How the Dollar Affects Interest Rates and Home Loans

The dollar has fallen to an all time low, around the world. The dollar has struggled against the Euro for some time now, but is now at a record low against this currency. In addition, the economic troubles the US is facing have dropped the value of the dollar against many currencies which it is traditionally stronger than. What does the falling value of the American dollar mean to those looking for loans and mortgages?

For one thing, the falling value of the dollar will drive up interest rates on many loans. This has already been seen on many home mortgages for consumers with less than stellar credit. Their loan payments have ballooned upwards as the housing market has fallen to almost rock bottom. Even the economic incentive plan President Bush is proposing this summer may be too little, too late. The economic damage has been done; now consumers must simply wait and see if a recession is in offing.

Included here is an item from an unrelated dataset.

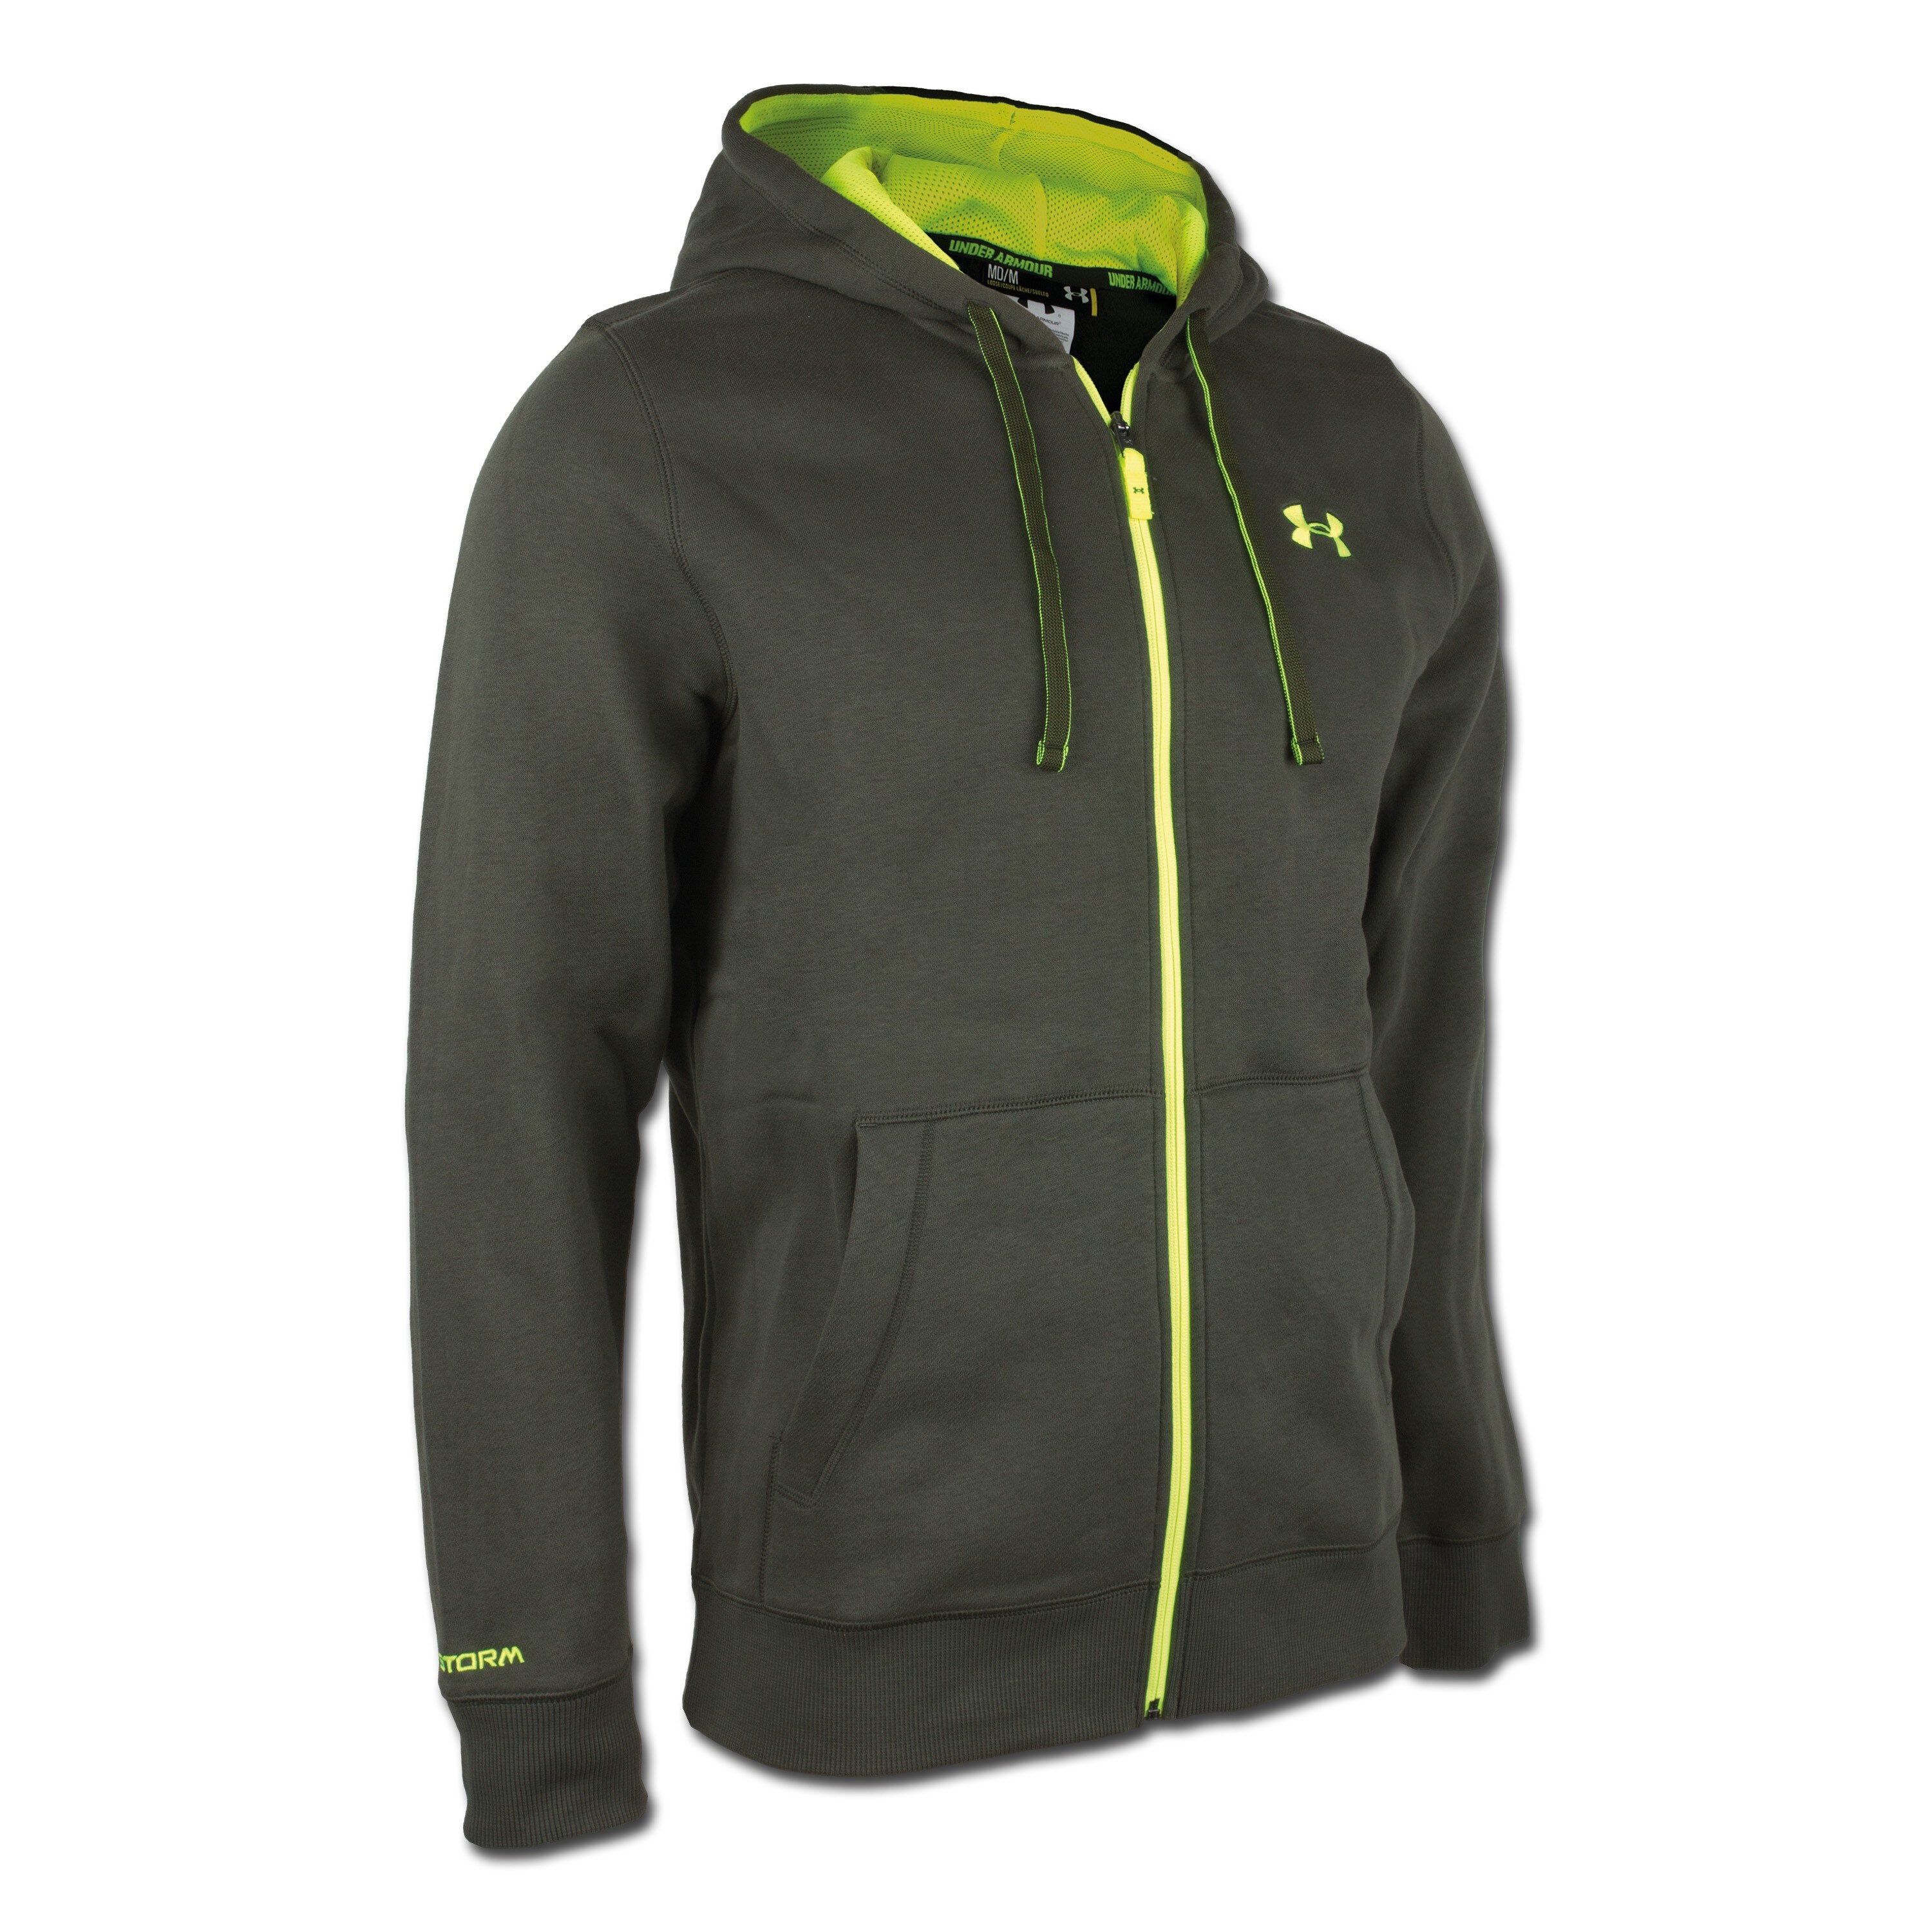 Under Armour Hoody Storm Cotton Rival green/yellow | Under Armour Hoody ...

The market for loans is as weak as the value of the dollar, as a result. Unless you are a consumer with perfect credit or substantial cash reserves for a down payment, many lenders will not extend a line of credit. The impact of this has led to the federal government instituting new regulations on lenders, particularly those in the housing market.

These new regulations force lenders to base their decision on the actual income of the loan applicant, rather than their credit rating. In a sense, this is actually a good thing for both sides. Another benefit, though indirect and much maligned, is the fact that the looming economic crisis in America may force consumers to rethink their spending habits. Many American consumers treat credit as though it were hard currency, banking on future earnings, rather than saving anything for themselves.

The falling value of the dollar is further exacerbating the housing market crunch, by driving housing prices back up, despite a weak market. This means that there is a very small window in which consumers can invest in property below market value, before those values are increased by inflation.